The chief rocked back in his chair; Mac heard the tape recorder whirring. He hated being recorded. Not when he couldn’t play it back, change it if he didn’t like what he’d said. That’s what he liked about writing things down. You could make changes. Revise.

“So Alwyn Bagshaw was, um, making out with your wife?”

“He was, yeah.” Mac remembered things clearly now. Some things stayed in your head, the big events. They’d argued and Glenna came at him with a shovel—or was it a pitchfork?—and he left. Got madder, though, sitting in the house, went back out. He’d walked in the barn—and she wasn’t alone. She was on her back in the hay, yelling—well, she always yelled when they made love; Glenna was a yeller. Bagshaw on top other, pants down to his knees, the cows bellowing like they were getting it, too. That was the clear part, the visual, brilliant in his mind, like a film running backward, then forward again. After that, things got shadowy. Mac grabbing Bagshaw by the churning legs, Bagshaw furious, Glenna lying there. Mac smaller than the other, but with the upper hand. Grabbed a shovel, hit him on the head, again and again, till he was quiet.

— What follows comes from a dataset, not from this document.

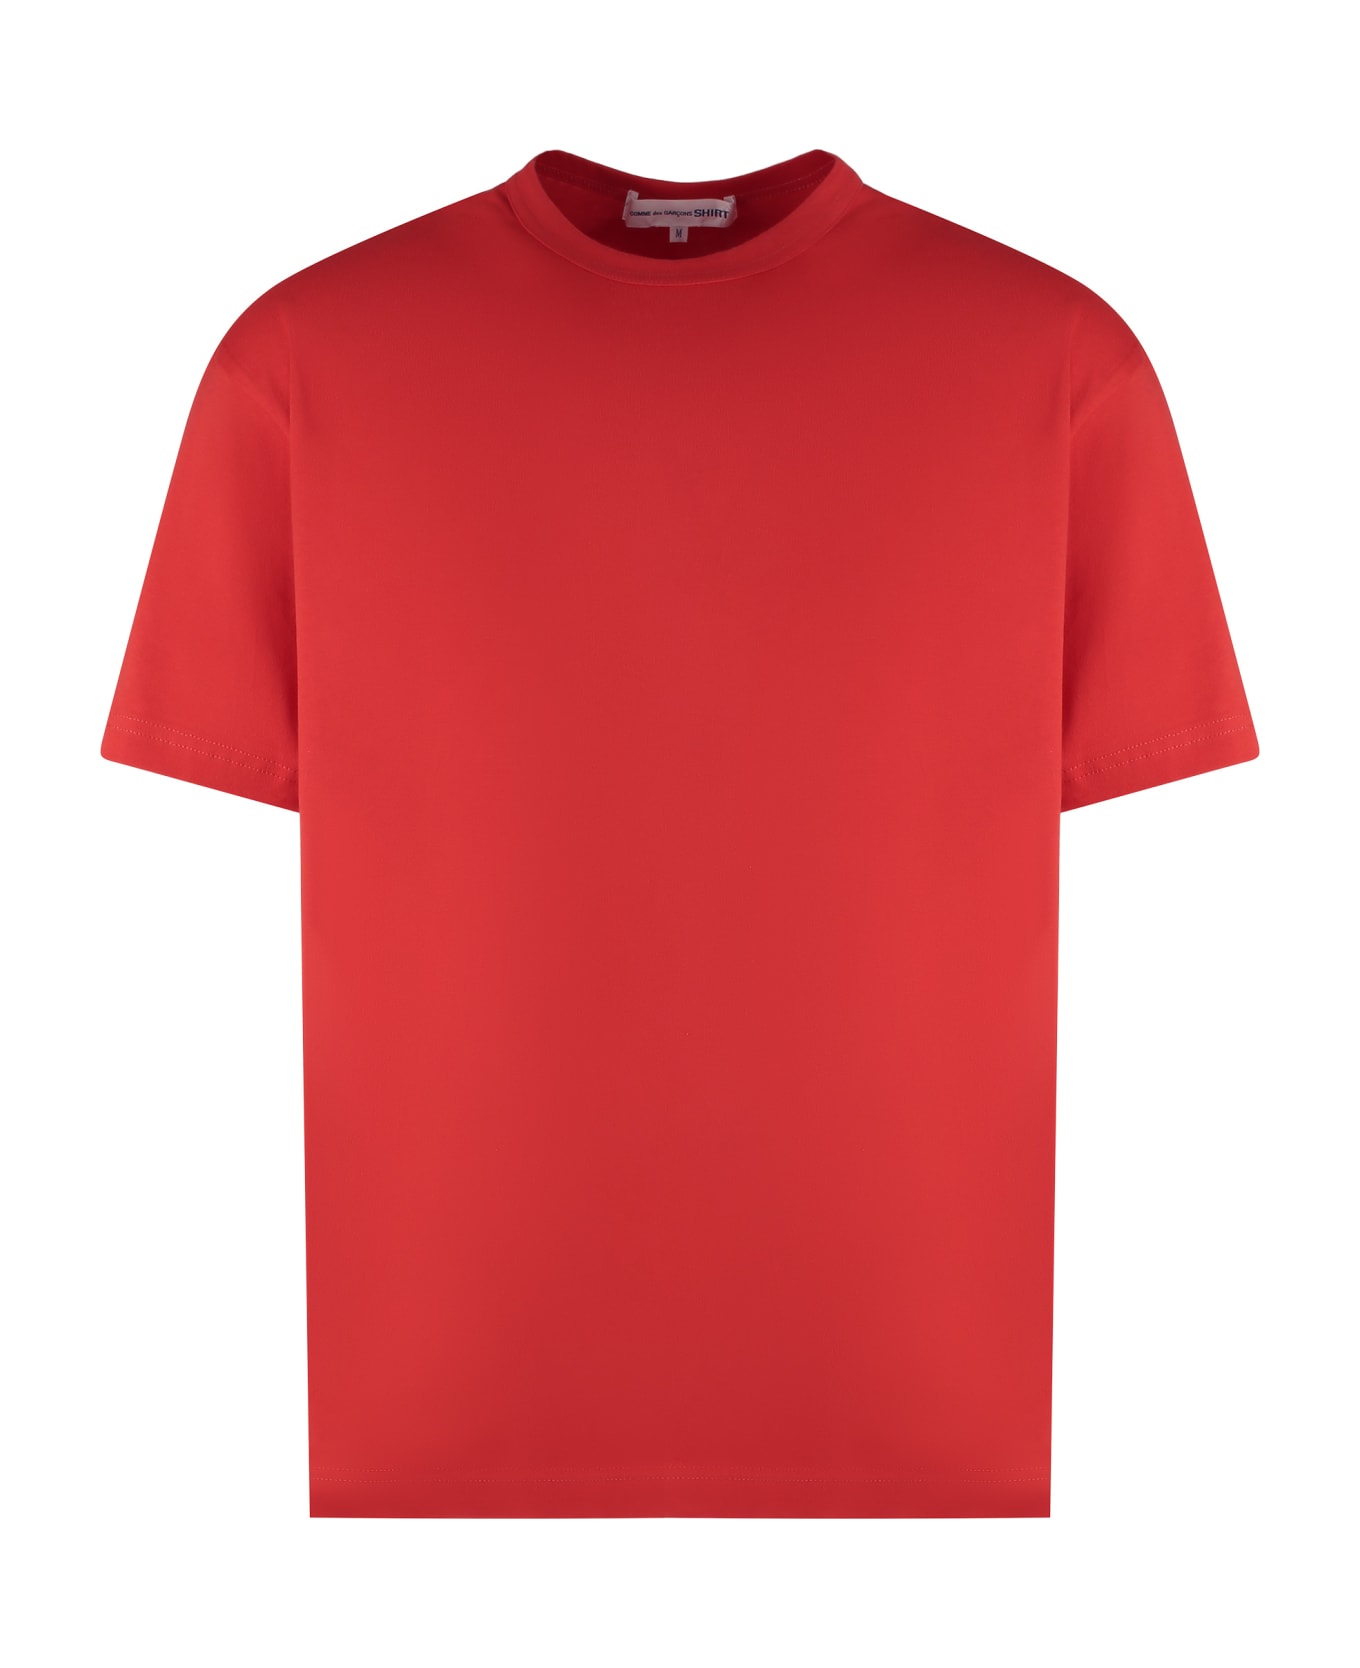 Comme des Garçons Shirt Cotton T-shirt - Red

“It was self-defense,” he told Fallon. “He would have killed me. Then Glenna—”

Fallon leaned forward, his upper teeth swallowing his lower lip, although he was still smiling. But he was excited; Mac sensed it. “Then Glenna,” he urged.

“Glenna was hitting me. I called her a whore, a bitch. She didn’t like that; she was mad—I’d interrupted her lovemaking. Bagshaw, that ugly idiot! What’d she see in a moron like that?” He smeared his palm across his forehead, and it came off wet; he could smell his own sweat.

“And Bagshaw—Alwyn, you think, was lying on the barn floor. To all, um, appearances ... dead.”

“Bleeding, yeah.”

“Did Glenna go to him? Try to help? Call an ambulance?”

“She was fighting me, I told you. She had that shovel, or pitchfork. She chased me out of the barn. I ran. I kept running. I left most of my stuff behind—just grabbed my typewriter. The old lady was there in the kitchen—Glenna’s mother. I remember her coming at me with a steaming kettle, had to push her off. I had a taxi waiting. Man, I left.”

“Knowing you’d killed Alwyn Bagshaw.”

“Thinking that, yeah. But he would have killed me.”

“Undoubtedly,” said Fallon. “Interview ended,” he said, sounding oh so important, Mac thought. Then the chief motioned to his officer to switch off the recorder. “You can go now, Mr., uh, MacInnis. If what you told us is true, um ...”

“That I killed Alwyn Bagshaw?”

“That you didn’t kill him, yes. You see”—Fallon cleared his throat importantly— “Alwyn Bagshaw is alive and in prison!” He looked into Mac’s face to see the effect of his words. Mac looked away. “For destroying birds with illegal poison, with contributing to the demise of a, um, neighbor woman. Of course ...”

Mac waited. He was confused now; his memory was leaping about: from Glenna to Bagshaw, from Vermont to New York City, then to the retired journalists’ home Hanna had routed him out of. He’d never complain about the food again if he could just go back there—get out of this confounded cow country. He’d been a fool, taking a ride from that woman—May or Fay, or whatever her name was.